Вильма слушала – и у неё было такое же лицо, как у Раша.
– Конечно, – сказала она. – Меня всегда восхищала ваша проницательность, дорогой герцог.
– Конечно, излагайте, – сказала я. – Государыня вашей проницательностью восхитилась.
– Итак, – продолжал Раш, легко вздохнув. – Я уже сообщил в прессу, что младенец-наследник жив, настолько здоров, насколько это возможно в его положении, и находится под присмотром акушерки с Королевских Курсов родовспоможения и лейб-медика. Ваше величество пребывает в тяжёлом состоянии, но лейб-медики, алхимики и некроманты делают всё возможное.
– И некроманты? – улыбнулась Вильма.
– Ага, – сказала я. – Некроманты в этом списке – самое оно.
– Я сообщил, – продолжал Раш невозмутимо, будто совет был совершенно рутинный, – что если медики, паче чаяния, не сумеют спасти тела прекрасной государыни, то с помощью алхимиков и некромантов оно будет заменено протезом. Согласно её высочайшей воле и новому закону об изъявлении воли духов.
– Звучит так непринуждённо, будто мы сообщаем об изящном пустяке, – удовлетворённо кивнула Вильма. – Словно о том, что было испорчено моё парадное платье, но новое уже почти готово. Дорогой мессир Раш, вы мастер формулировок!
– Государыня говорит, что формулируете хорошо, – улыбнулась я почти против воли. – Будто нам человеческое тело заменить или починить не сложнее, чем новое платьице заказать. Пара пустяков! Красиво, что ж.
Раш еле заметно улыбнулся в ответ.

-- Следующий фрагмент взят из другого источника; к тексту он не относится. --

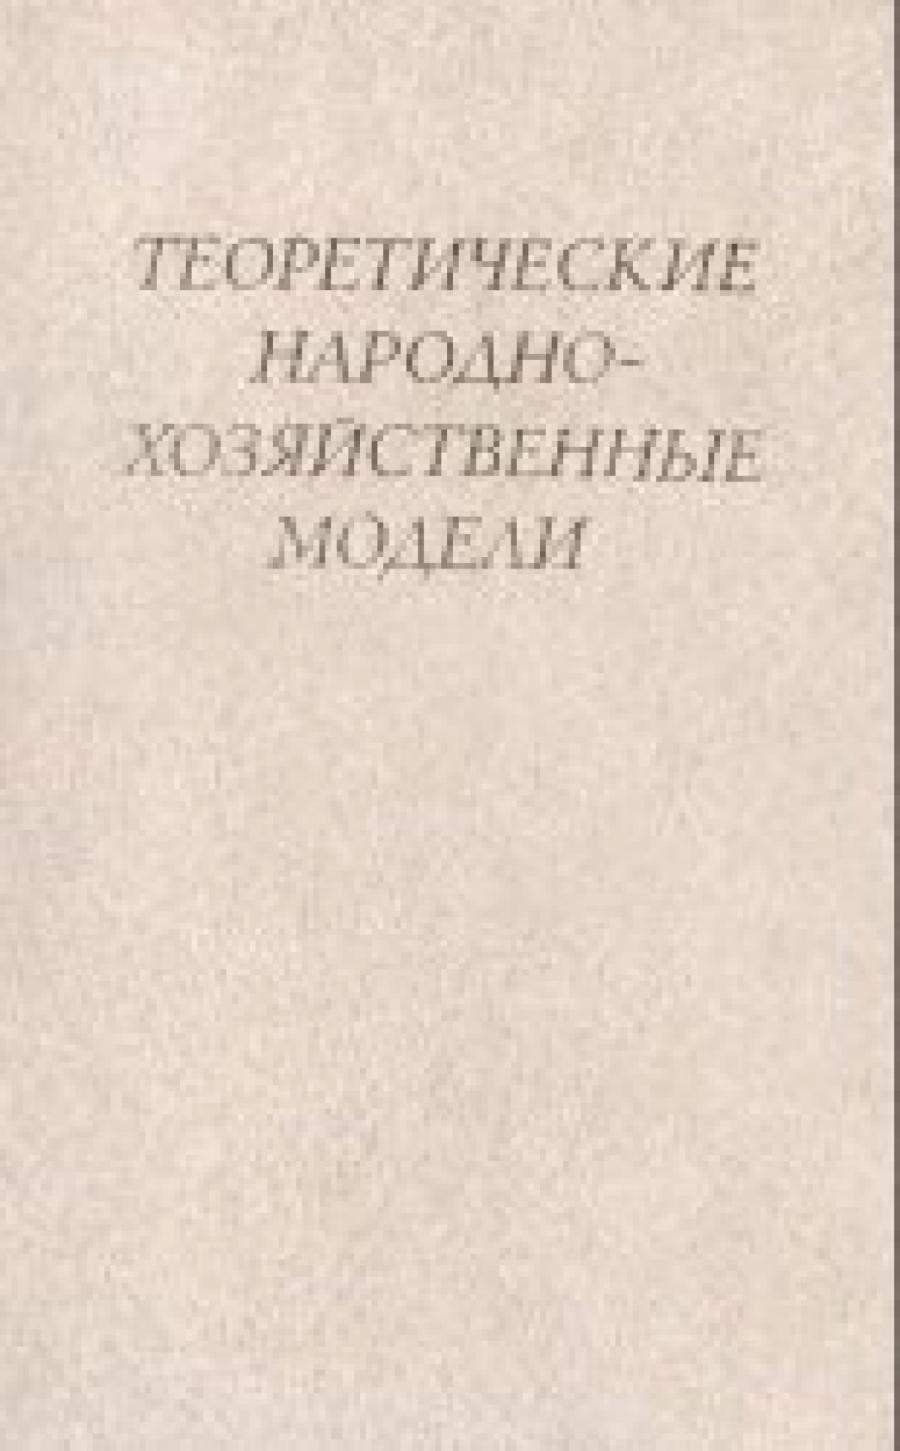 Обложка книги:  вальтух к.к. - теоретические народнохозяйственные модели

По-моему, тоже удовлетворённо.
– Лишь один момент, – сказала Виллемина. – Уточните, пожалуйста, что, опасаясь за здоровье младенца, который по желанию государыни наречён Гелхардом в честь его великого деда, мы не представим его Большому Совету в ближайшее время. Весной, когда дитя окрепнет. А все надлежащие священные обряды будут проведены в дворцовой часовне, где будем присутствовать лишь я, леди Карла, мессир канцлер и наш духовник.
Эту длинную тираду я постаралась повторить как можно точнее, чтобы Раш ничего не перепутал, – и тут радостно ухмыльнулся Норис:
– Государыня! – и поклонился смеющейся Виллемине.
– Что заставило вас поверить, дорогой Норис? – спросила она, и я повторила:
– Государыне интересно, что вывело тебя из ступора наконец.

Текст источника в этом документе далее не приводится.